Ghana, which has had in place a democratically elected government for over two decades, is considered by many economists as one of Africa's brightest economic stars. Africa's economies grew by more than 5 percent in 2004 - their biggest expansion in eight years. Central Africa's oil boom spurred 14.4 percent growth for that region. Ghana's stock exchange is regularly one of the highest-performing markets in the world; in 2003, it was No. 1, gaining 144 percent, according to one analysis. Exports to the US from 37 African nations jumped from 88 percent in 2004, to $26.6 billion. Jeans made in Lesotho are sold in US stores. Also, flowers from Kenya and vegetables from Senegal are regularly available in European shops.
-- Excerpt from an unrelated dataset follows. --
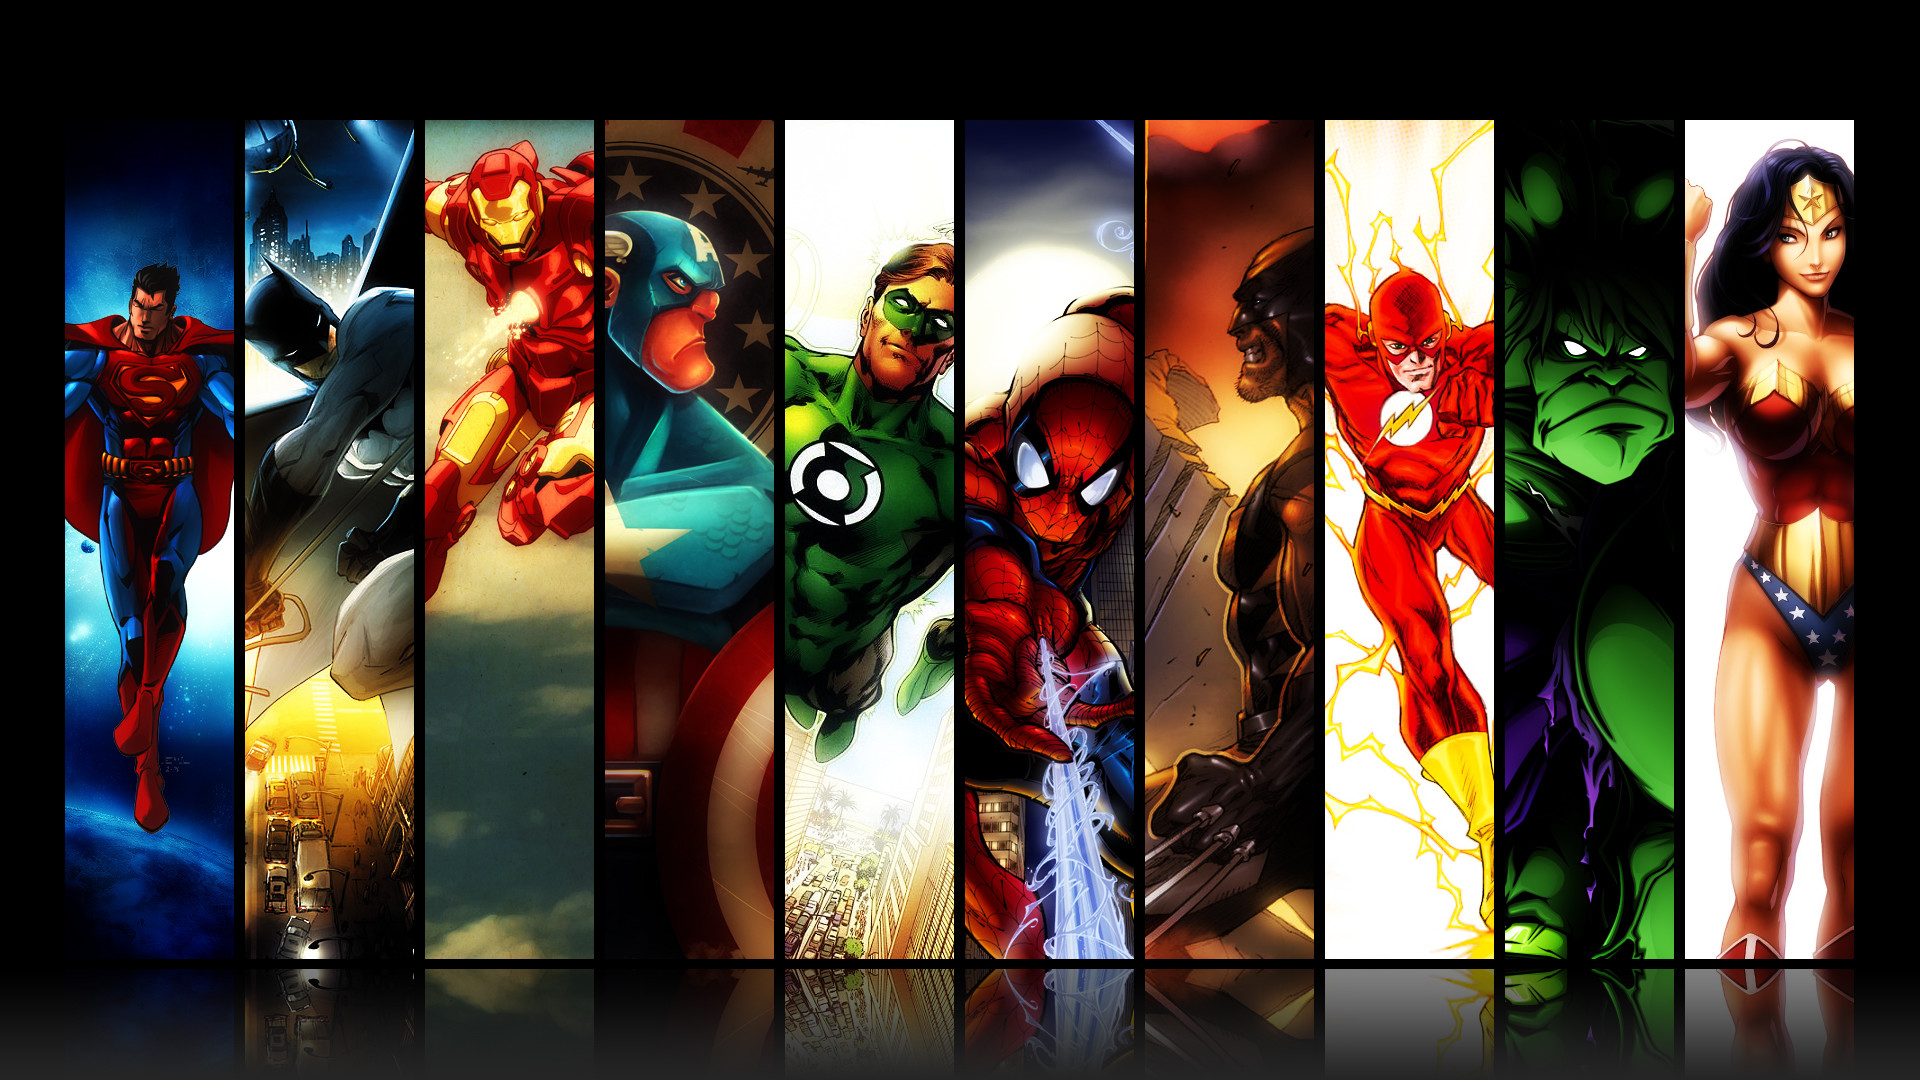 1920x1080 Marvel Heroes Comics wallpaper HD. Free desktop background 2016 in .

Use of cellphones and the Internet is growing faster in Africa than anywhere else, according to the United Nations.

 

These and other statistics are getting more focus amid efforts to boost Africa's image - along with the world's willingness to invest in the continent. Rwandan President, Paul Kagame, speaking in Kenya at the International Press Institute's annual gathering urged the media to play its role,  “not merely as watchdogs and whistle-blowers, but as advocates and educators in our joint venture to make Africa ... a better place."

 

He further argued the negative portrayal hurts Africa's efforts to fix its problems. "One of the reasons why Africa has not been able to attract enough foreign direct investment is the constant negative reporting," he added.

 

Another news-balancing effort comes from a pair of South African men. Fed up with overwhelmingly negative cocktail-party talk about their country, they developed books and videos called "South Africa: The Good News.”

 

Mr. Helge Ronning, professor of media and communications at Oslo University, notes that "Disaster journalism" is a big proportion of western media coverage of Africa, and during emergencies, NGO fund-raising campaigns take on a new vibrancy, gaining tremendously from the images of western humanitarian personnel working heroically as symbols of the decency of international aid and of the NGOs themselves.

“Context is key to getting to the truth about Africa, argues Brett Bowes, one of the "Good News" founders. Many places in Africa may be a mess, he says, "But the question is: Was this a bigger mess five years ago or not?" In other words, has there been progress?

 

By contrast, observes Charles Stith, former US ambassador to Tanzania, "China has problems, but we see and hear other things about China. Russia has problems, yet we see and read other things about Russia." That same standard, he says, should apply to Africa.

 

“I’m personally sick and tired of the negative publicity on Africa. These kinds of reports are giving our continent and people very negative image in the World. A positive attitude yields 90% of success in anything that we do. There are a lot of good things going on in Kenya such as the appointment of the first female VC of Kenyatta University, the growth of tourism, the new drilling of oil, the good weather and people! Why should the country receive negative publicity? Why should the onset of rains after the drought, the new anti malaria drug combination that has been discovered be relegated to the periphery? We have enough troublemakers, we now need peacemakers,” notes Maureen Mbugua.

There is need for the continent to seek full international recognition, not on the basis of pleas for fairness, but on the strength of political stability and dynamic involvement in global affairs. Folklore has it that once; a lizard fell from a tall tree and was not hurt. Seeing that no other creature praised her for the feat, the lizard resolved, “If you refuse to praise me, I will praise myself!” Africa needs more of such “lizards” to dispel the myths surrounding the continent.